In order to solve such a problem, one having a hole formed so as to penetrate the front and back of the anodic bonding jig has been considered. For example, the position of the alignment mark can be grasped through a hole provided in the anodic bonding jig, and it is possible to correct the deviation generated in the substrate to be anodically bonded even after the anodic bonding jig is arranged. ing.
Japanese Patent No. 362435

  However, even with conventional anodic bonding jigs that align holes by providing holes as described above, there is a limit to the size of the holes because it is necessary to apply pressure evenly to the substrate. There is a problem that it takes time to align the alignment mark with the hole.

The present invention has been made in view of the above-described problems, and a first object of the present invention is to provide an anodic bonding method capable of easily correcting a positional shift between substrates in an anodic bonding process. .
A second object of the present invention is to provide an anodic bonding jig and an anodic bonding apparatus capable of easily positioning a substrate to be anodic bonded.

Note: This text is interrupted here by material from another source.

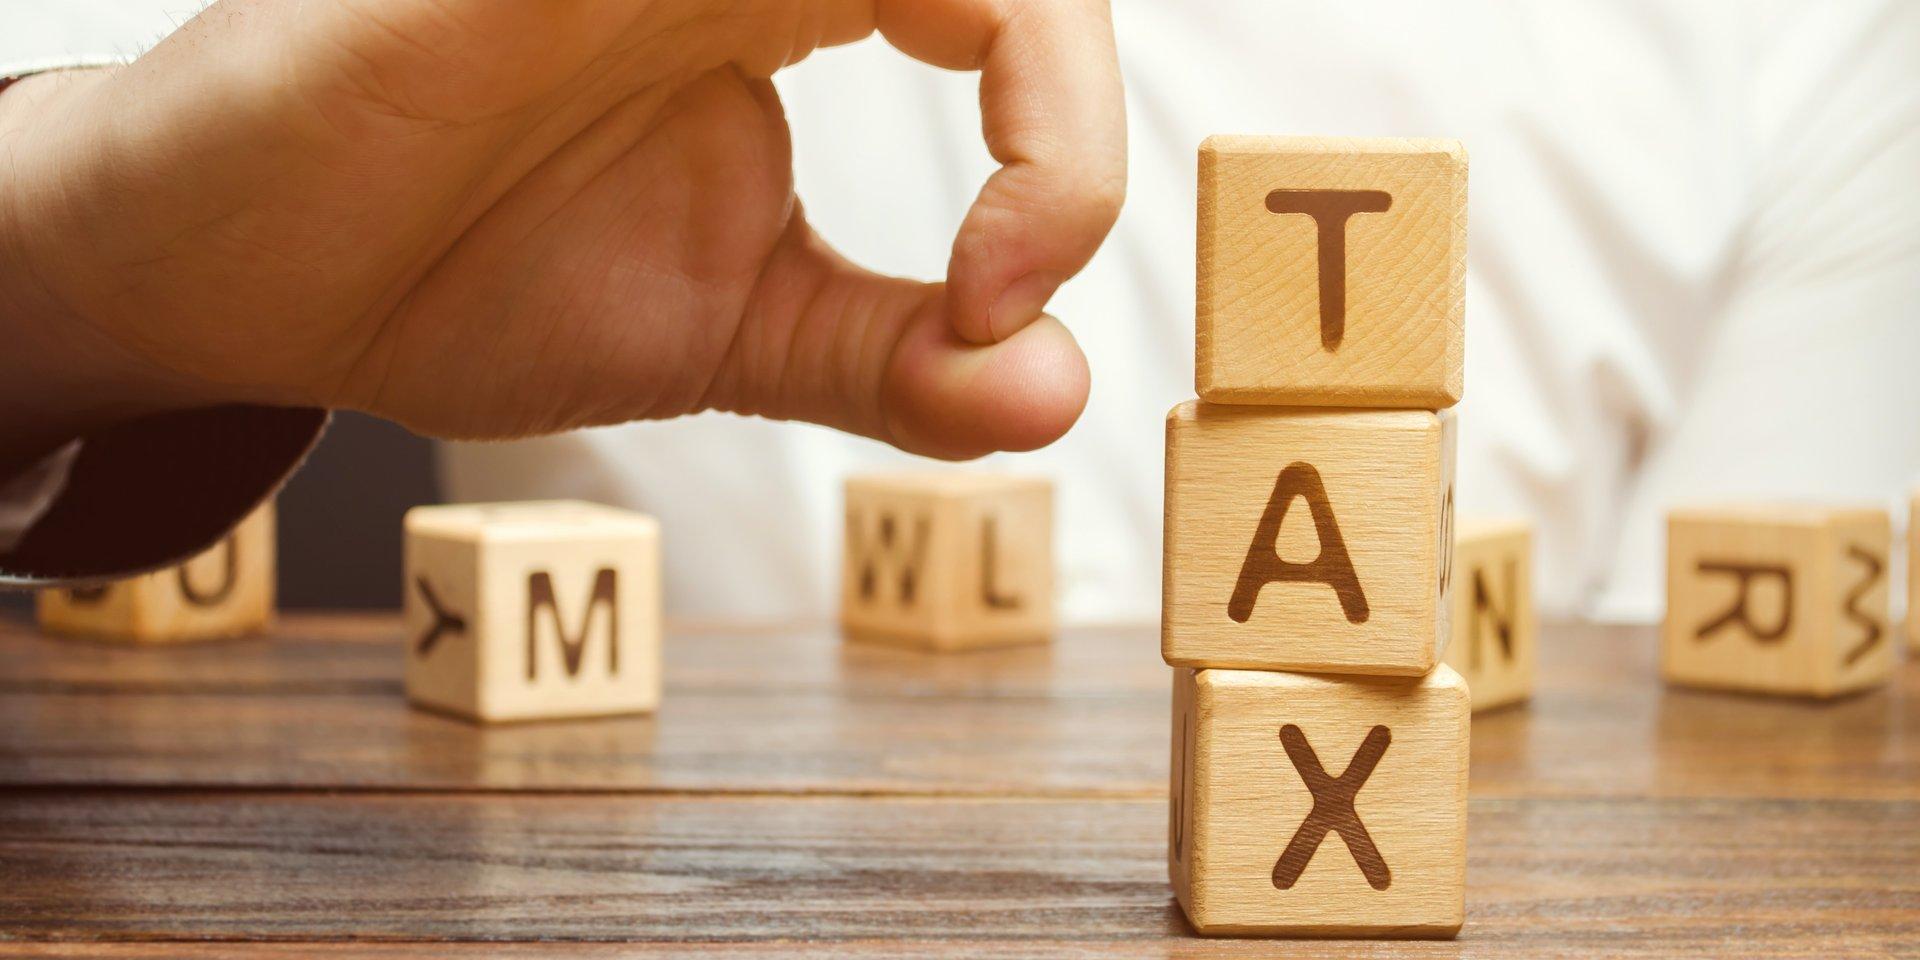 Koszty podatkowe sfinansowane środkami z tarczy

In order to solve the above problems, the present invention proposes the following means.
The anodic bonding method of the present invention is an anodic bonding method in which a first substrate and a second substrate are anodically bonded, and the first substrate and the second substrate are overlapped with each other on the plane of the base having a plane. Substrate placement step of placing the first substrate and the second substrate in contact with the surface to be the cathode, and following the substrate placement step, the anode of the first substrate and the second substrate A jig placement step of placing an anodic bonding jig having a visual recognition portion made of a material that can transmit visible light so as to come into contact with the surface to be, and the first substrate and the second substrate The relative positional relationship between the first substrate and the second substrate is adjusted based on visible light transmitted through the visual recognition unit so that a pair of marks provided on each of the first and second marks has a predetermined positional relationship. An alignment step, the base and the anodic bonding jig. Pressurizing step for pressing the first substrate and the second substrate, and an applying step for applying a DC voltage between the first substrate and the second substrate. It is a feature.

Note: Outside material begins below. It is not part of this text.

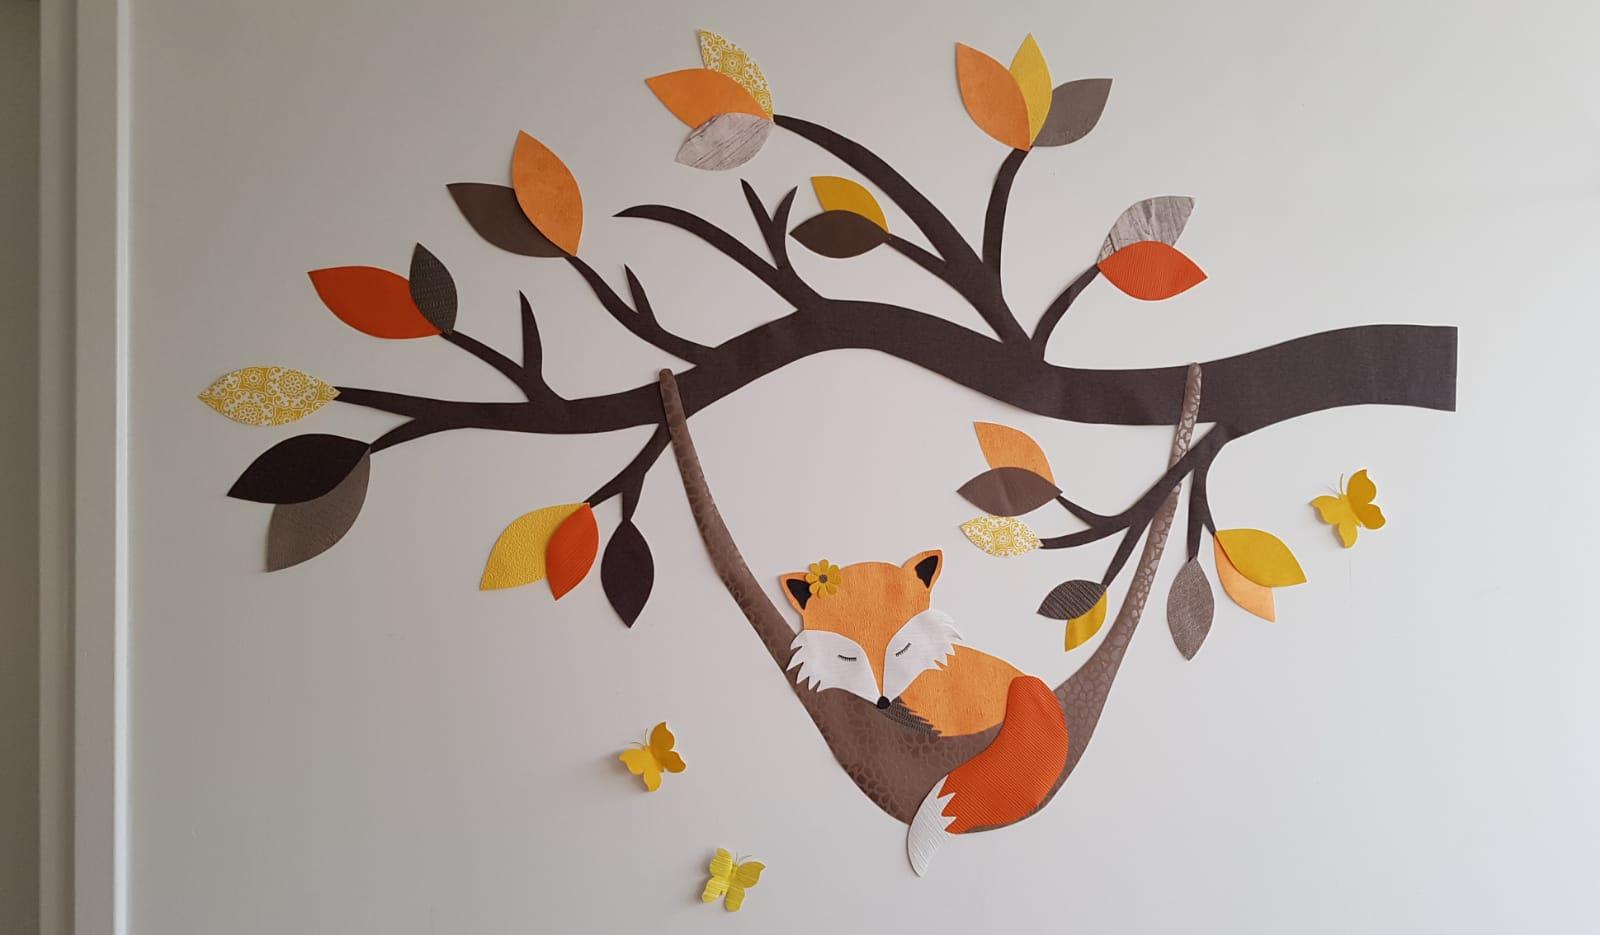 Vos in hangmat behangdecoratie muurdecoratie behangbeest babykamer kinderkamer bosdieren behangboom tak trend

  According to the present invention, the user can identify the pair of marks through the material capable of transmitting visible light in the visual recognition part of the anodic bonding jig. For this reason, in the alignment step, the relative positions of the first substrate and the second substrate can be adjusted so that the pair of marks have a predetermined positional relationship based on visible light transmitted through the visual recognition unit. Further, in the pressurizing step, it is possible to apply a predetermined pressure to the first substrate and the second substrate even in the visual recognition portion, so that pressurization unevenness can be suppressed.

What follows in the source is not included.